Theo sonrió satisfecho, complacido al escuchar los halagos de los demás. Aunque Theo pasó día y noche e incluso contrató tutores para esta apuesta, nunca lo mostró delante de todos. Quería mantener su imagen de esa manera porque incluso si no vencía a la sección estrella o incluso a Atlas, todos podrían asumir que fue porque no lo había tomado muy en serio.
—Vamos, Atlas, colega —Theo sonrió e inclinó su cuerpo sobre el escritorio junto al de Atlas—. Sé que la presión es alta, pero deberías relajarte un poco. Nadie te culpará si no vences a la sección estrella.
Sus compañeros asintieron, pero su acuerdo venía de buenas intenciones.
—Atlas, incluso si no entras en la sección estrella, siempre has sido una estrella para nosotros.
—Así es. Haz lo que sueles hacer y ya estamos orgullosos de ti por darle tanto orgullo a nuestra sección.
—No te preocupes. Si la sección estrella intenta burlarse de ti, ¡te protegeremos!
Todos ellos, a pesar de sus rostros desgastados, ofrecieron una sonrisa sincera. Atlas, por otro lado, agradeció sus amables palabras. Pero, desafortunadamente…
—No quiero retirarme —dijo Atlas y lentamente le echó una mirada a Theo—. Theo, aunque nadie nos culpará, una apuesta es una apuesta. Si perdemos, ambos tendremos que retirarnos. Espero que tu confianza provenga del hecho de que estudiaste mucho, pero no de que estés pensando en retractarte de tus palabras.
La sonrisa confiada en el rostro de Theo se desvaneció, notando que la atención se desplazaba hacia él.
—¡Por supuesto que no! —entonó con un dejo de nerviosismo—. Pero lo que estoy diciendo es, la sección estrella es
—Son un oponente digno. Por eso los estamos desafiando como retadores porque eran campeones. Sin embargo, no eran inalcanzables, ya que solo estaban en la cima de una montaña pero no en la luna —continuó Atlas lo que pensaba que Theo estaba a punto de decir—. Hagámoslo bien, Theo.
Theo intentó sonreír pero fracasó miserablemente. —Sí —sí, por supuesto.
—¡Theo, buena suerte!
—¡Buena suerte a los dos!
—¡Ponemos toda nuestra confianza en ambos~
Sus compañeros los animaron, tratando de elevar la moral de Atlas y Theo. Atlas ignoró los ánimos, pero el efecto en Theo fue completamente opuesto. Theo caminó desganadamente hacia su asiento, tratando de mantener la sonrisa.

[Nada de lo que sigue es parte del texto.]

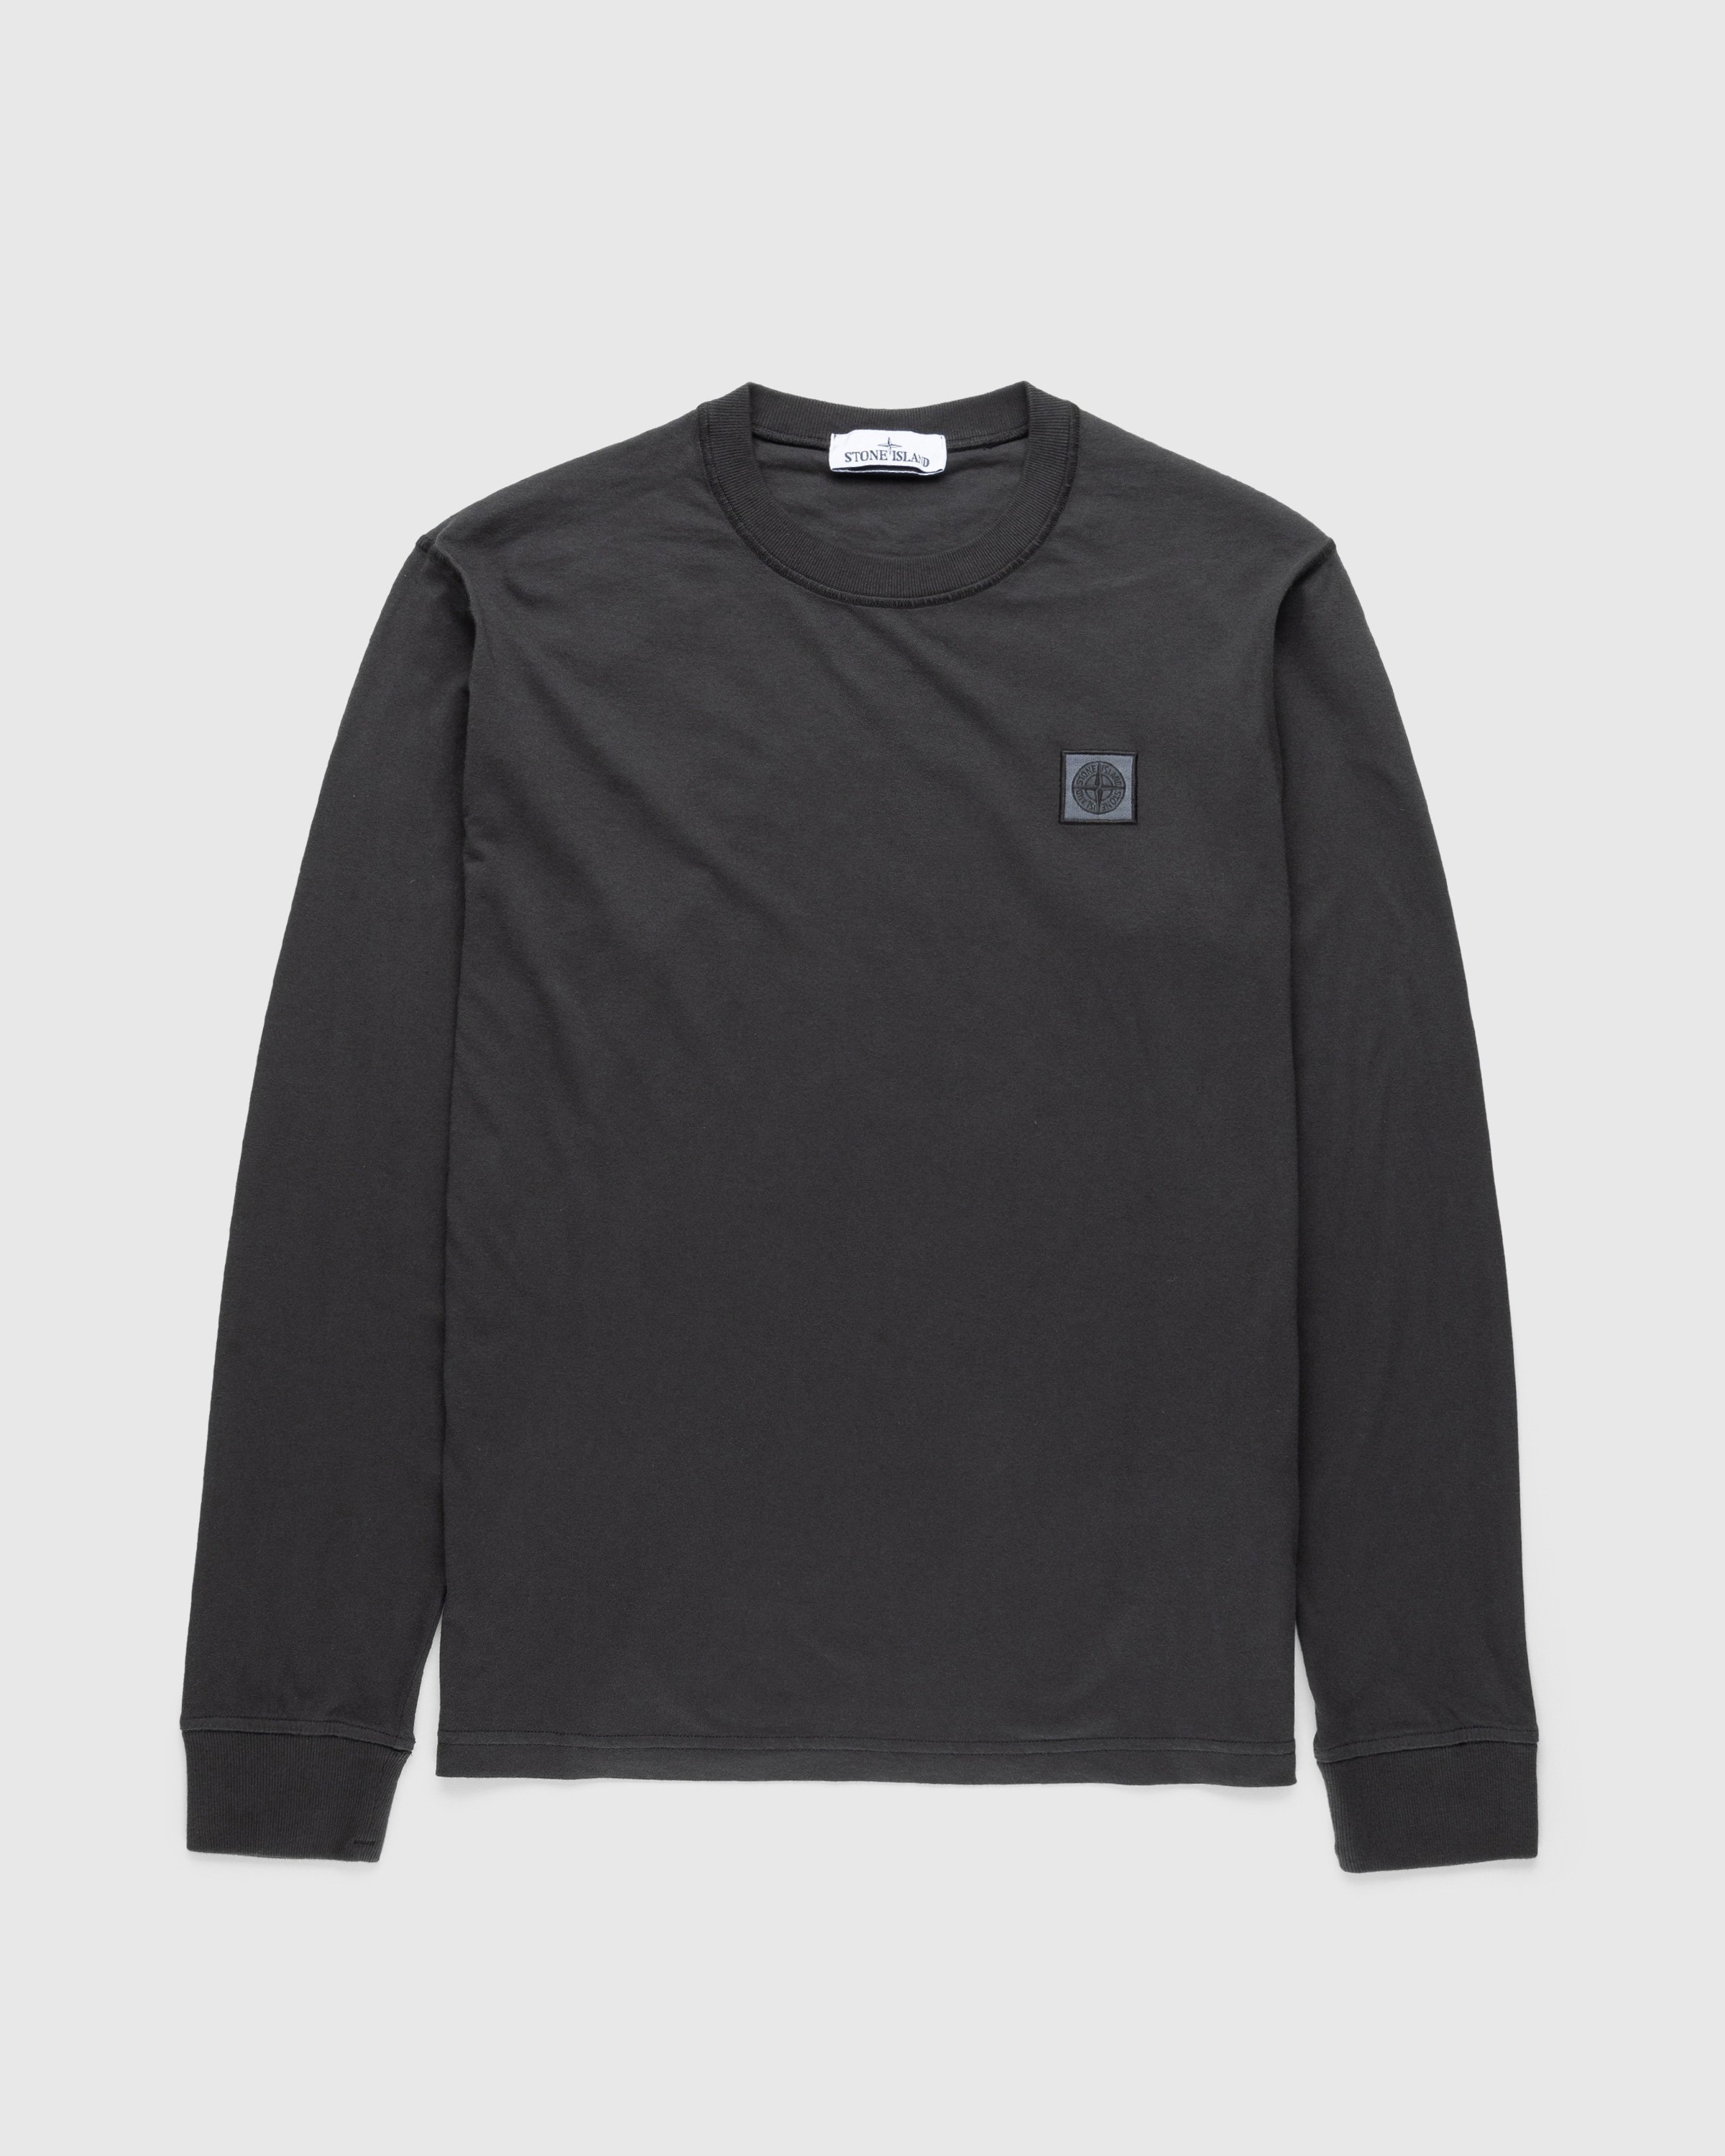 Stone Island - Fissato Longsleeve T-Shirt Charcoal - Clothing - Grey - Image 1
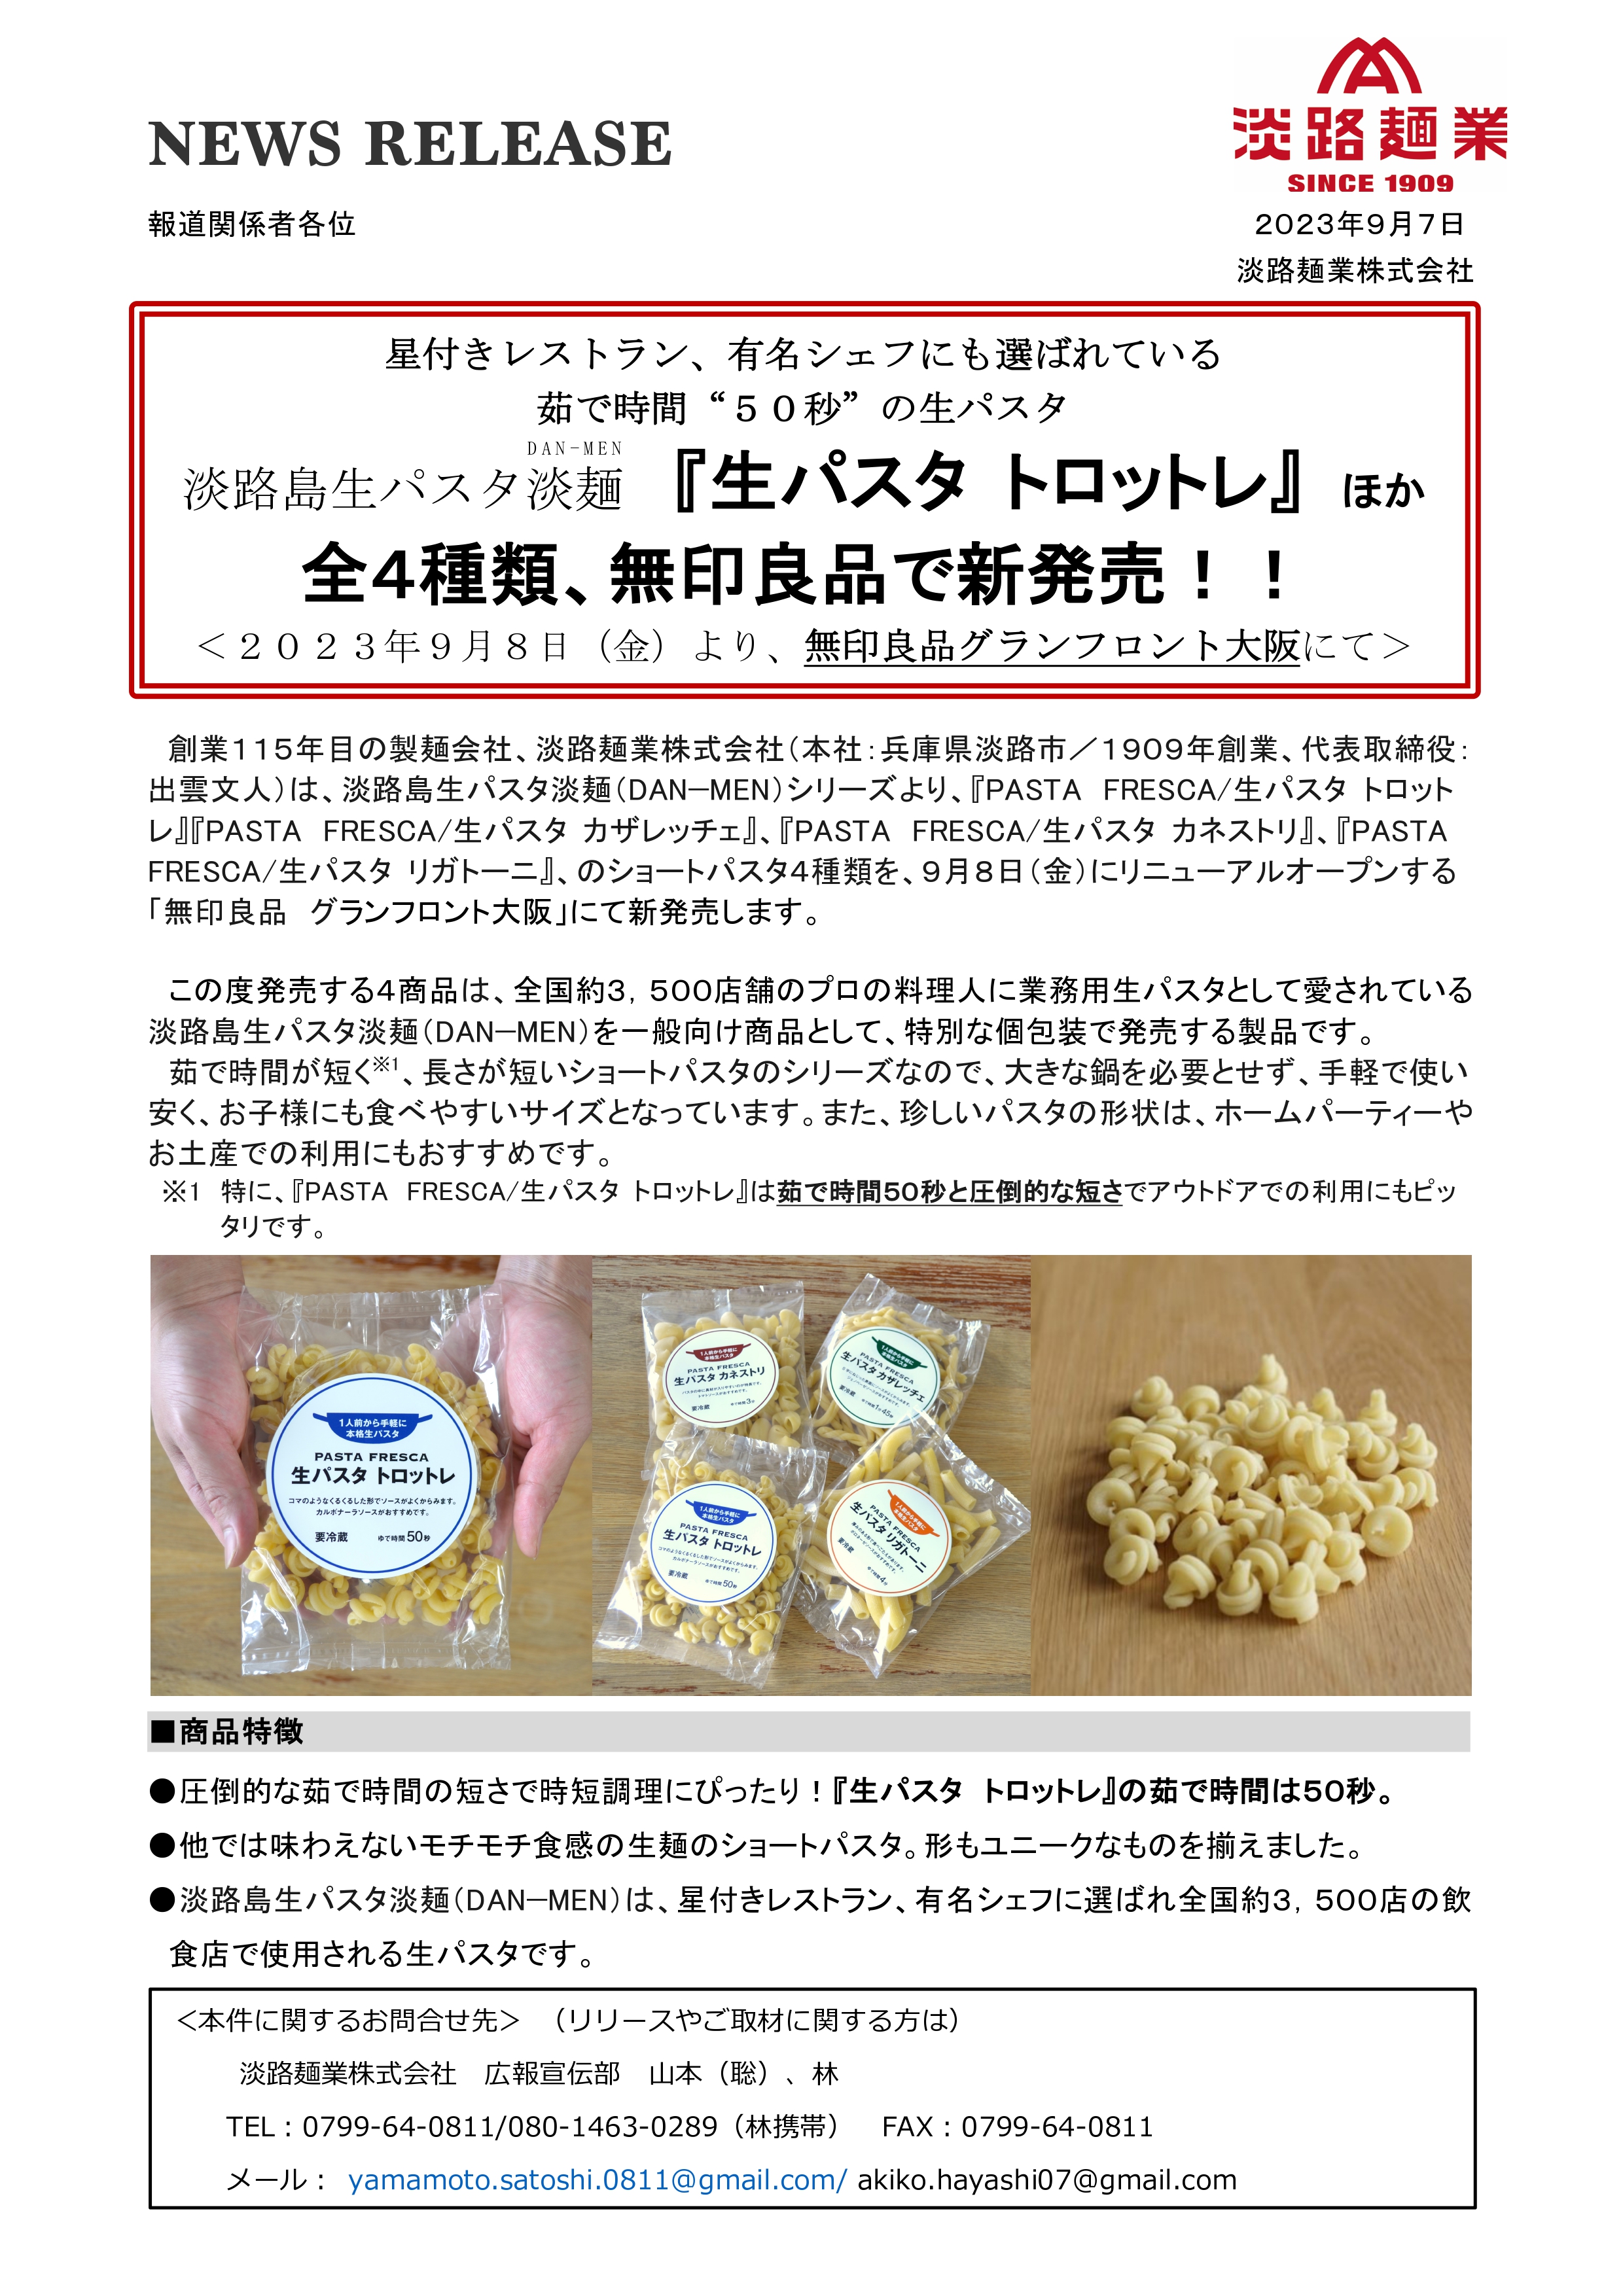 【リリース】淡路麺業株式会社_20230907_001.jpg

En el fondo de su corazón, Theo no podía evitar entrar en pánico.
«¿¡Está hablando en serio!?», pensó mentalmente, echando un vistazo a Atlas, solo para ver que este cerraba los ojos para concentrarse. «¿¡Realmente se retirará si perdemos?! ¡Ese tío está loco!!!»
Theo solo había aceptado esta apuesta porque fue incluido en ella a regañadientes. Sin embargo, ganó confianza al pensar que, siendo dos, si podía hacer que Atlas no quisiera retirarse, podrían simplemente olvidarse del asunto.
Pero si Atlas estaba decidido a retirarse, ¡entonces Theo también tendría que hacerlo! Si no lo hacía, todos pensarían que Theo era alguien que no valoraba sus propias palabras.
Theo hizo un puño mientras miraba hacia abajo. «¡Mierda, mierda, mierda! ¡Estos Bennets! Primero, acusaron a Patricia de algo terrible, ¿y ahora esto?! Realmente están tratando de jodernos, ¿verdad? ¡Incluso esta apuesta fue orquestada por su hermana perdida hace tiempo! ¿Habían planeado esto desde el principio?»
Theo apretó los dientes, maldiciendo a Atlas en su corazón.
«Está bien. Estudié mucho. Estudié duro e incluso contraté a los mejores tutores que hay», se decía a sí mismo, cerrando los ojos y asintiendo. «Esto lo tengo. Sobresalí en todos los exámenes de simulacro y lecciones avanzadas. ¡Este examen final es pan comido!»
Despacio, Theo se calmó y se concentró en el asunto. Tal vez no sería capaz de alcanzar a la sección estrella, pero mientras mantuviera el primer puesto de su sección, nadie le culparía si se retractaba de sus palabras.
«Ya vencí a Atlas una vez», se dijo a sí mismo, deslizando sus ojos en dirección a Atlas. «Siempre y cuando mantenga el puesto número 1, él se quedará en segundo y yo me salvaré!»